It was not easy to hold that pace among the graves, and at another time he might have gone more slowly, or round by the path. Unmindful of all obstacles, however, he pressed forward without slackening his speed, and soon arrived within a few yards of the window.
He approached as softly as he could, and advancing so near the wall as to brush the whitened ivy with his dress, listened. There was no sound inside. The church itself was not more quiet. Touching the glass with his cheek, he listened again. No. And yet there was such a silence all around, that he felt sure he could have heard even the breathing of a sleeper, if there had been one there.
A strange circumstance, a light in such a place at that time of night, with no one near it.
A curtain was drawn across the lower portion of the window, and he could not see into the room. But there was no shadow thrown upon it from within. To have gained a footing on the wall and tried to look in from above, would have been attended with some danger—certainly with some noise, and the chance of terrifying the child, if that really were her habitation. Again and again he listened; again and again the same wearisome blank.
Leaving the spot with slow and cautious steps, and skirting the ruin for a few paces, he came at length to a door. He knocked. No answer. But there was a curious noise inside. It was difficult to determine what it was. It bore a resemblance to the low moaning of one in pain, but it was not that, being far too regular and constant. Now it seemed a kind of song, now a wail—seemed, that is, to his changing fancy, for the sound itself was never changed or checked. It was unlike anything he had ever heard, and in its tone there was something fearful, chilling, and unearthly.
The listener’s blood ran colder now than ever it had done in frost and snow, but he knocked again. There was no answer, and the sound went on without any interruption. He laid his hand softly upon the latch, and put his knee against the door. It was not secured on the inside, but yielded to the pressure, and turned upon its hinges. He saw the glimmering of a fire upon the old walls, and entered.
LXXI
The dull, red glow of a wood fire—for no lamp or candle burnt within the room—showed him a figure, seated on the hearth with its back towards him, bending over the fitful light. The attitude was that of one who sought the heat. It was, and yet was not. The stooping posture and the cowering form were there, but no hands were stretched out to meet the grateful warmth, no shrug or shiver compared its luxury with the piercing cold outside. With limbs huddled together, head bowed down, arms crossed upon the breast, and fingers tightly clenched, it rocked to and fro upon its seat without a moment’s pause, accompanying the action with the mournful sound he had heard.
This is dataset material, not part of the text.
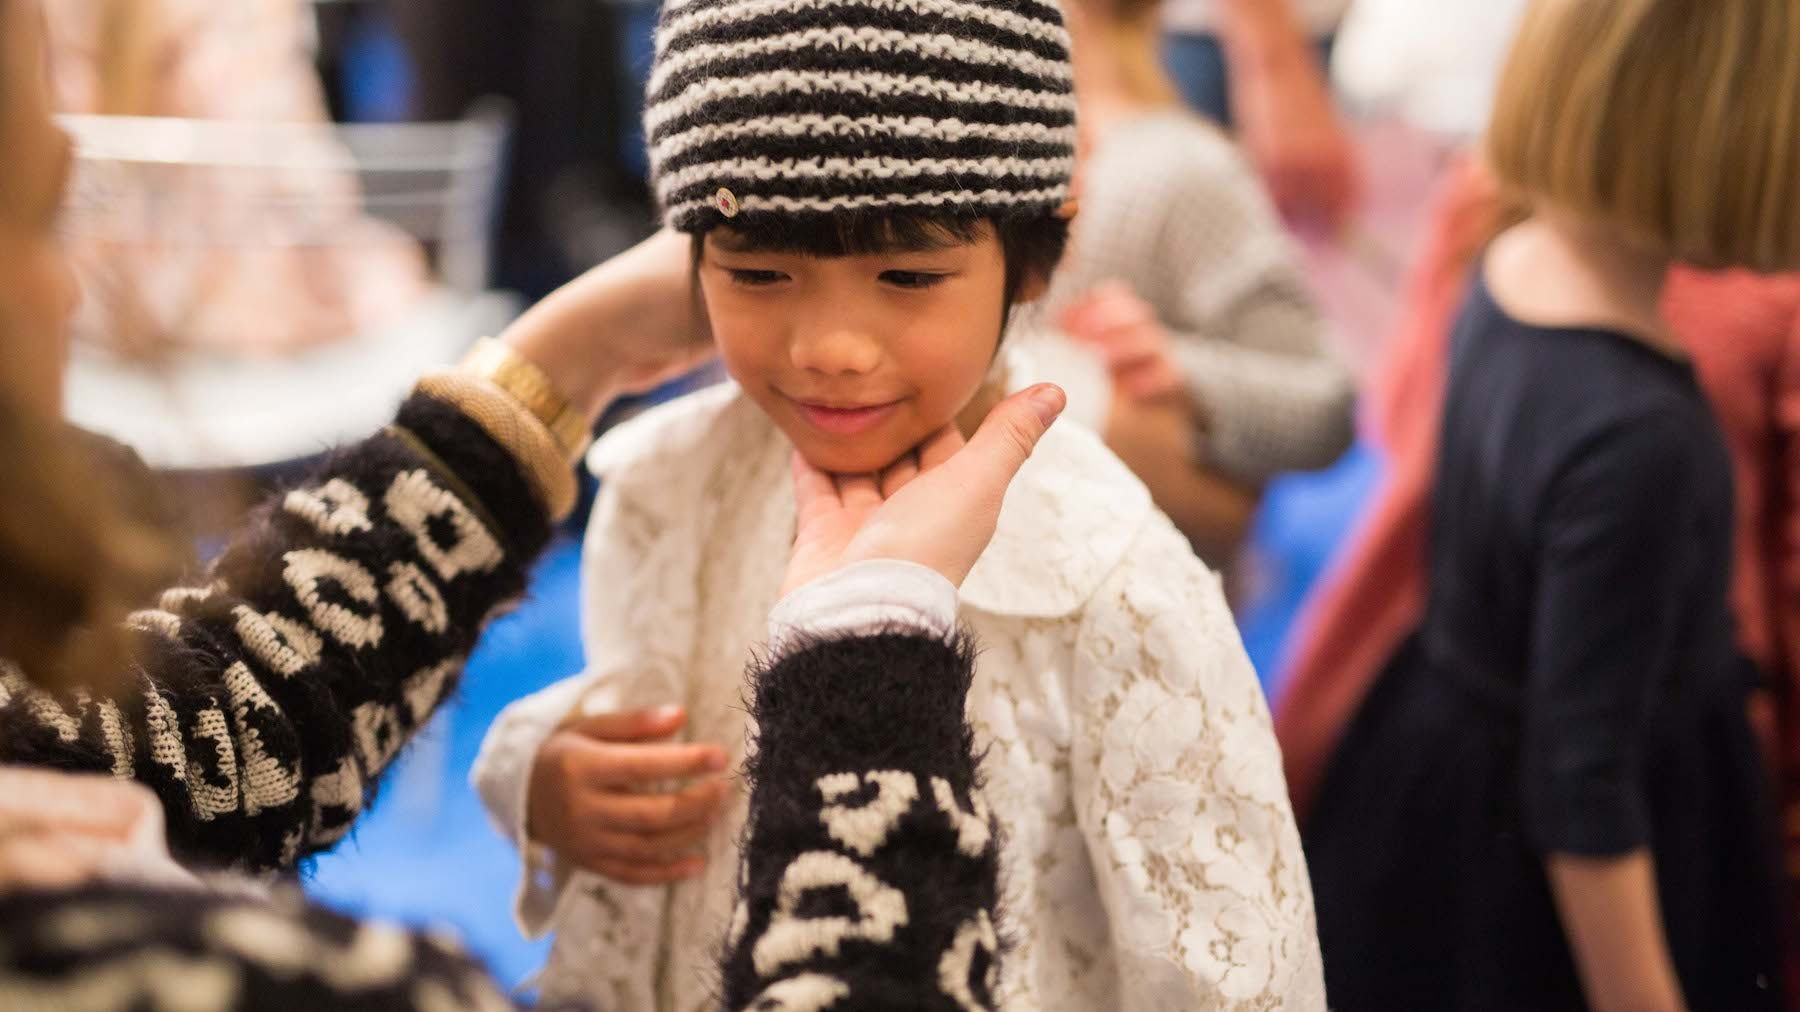 Pitti Immagine Bimbo: At the Heart of the Childrenswear Market

The heavy door had closed behind him on his entrance, with a crash that made him start. The figure neither spoke nor turned to look, nor gave in any other way the faintest sign of having heard the noise. The form was that of an old man, his white head akin in colour to the mouldering embers upon which he gazed. He, and the failing light and dying fire, the timeworn room, the solitude, the wasted life, and gloom, were all in fellowship. Ashes, and dust, and ruin!
Kit tried to speak, and did pronounce some words, though what they were he scarcely knew. Still the same terrible low cry went on—still the same rocking in the chair—the same stricken figure was there, unchanged and heedless of his presence.
He had his hand upon the latch, when something in the form—distinctly seen as one log broke and fell, and, as it fell, blazed up—arrested it. He returned to where he had stood before—advanced a pace—another—another still. Another, and he saw the face. Yes! Changed as it was, he knew it well.
“Master!” he cried, stooping on one knee and catching at his hand. “Dear master. Speak to me!”
The old man turned slowly towards him; and muttered, in a hollow voice,
“This is another!—How many of these spirits there have been tonight!”
“No spirit, master. No one but your old servant. You know me now, I am sure? Miss Nell—where is she—where is she?”
“They all say that!” cried the old man. “They all ask the same question. A spirit!”
“Where is she?” demanded Kit. “Oh tell me but that—but that, dear master.”
“She is asleep—yonder—in there.”
“Thank God!”
“Aye! Thank God!” returned the old man. “I have prayed to Him, many, and many, and many a livelong night, when she has been asleep, He knows. Hark! Did she call?”
“I heard no voice.”
“You did. You hear her now. Do you tell me that you don’t hear that?”
He started up, and listened again.
“Nor that?” he cried, with a triumphant smile. “Can anybody know that voice so well as I! Hush! hush!”
Motioning to him to be silent, he stole away into another chamber. After a short absence (during which he could be heard to speak in a softened soothing tone) he returned, bearing in his hand a lamp.
“She is still asleep,” he whispered. “You were right. She did not call—unless she did so in her slumber. She has called to me in her sleep before now, sir; as I sat by, watching, I have seen her lips move, and have known, though no sound came from them, that she spoke of me. I feared the light might dazzle her eyes and wake her, so I brought it here.”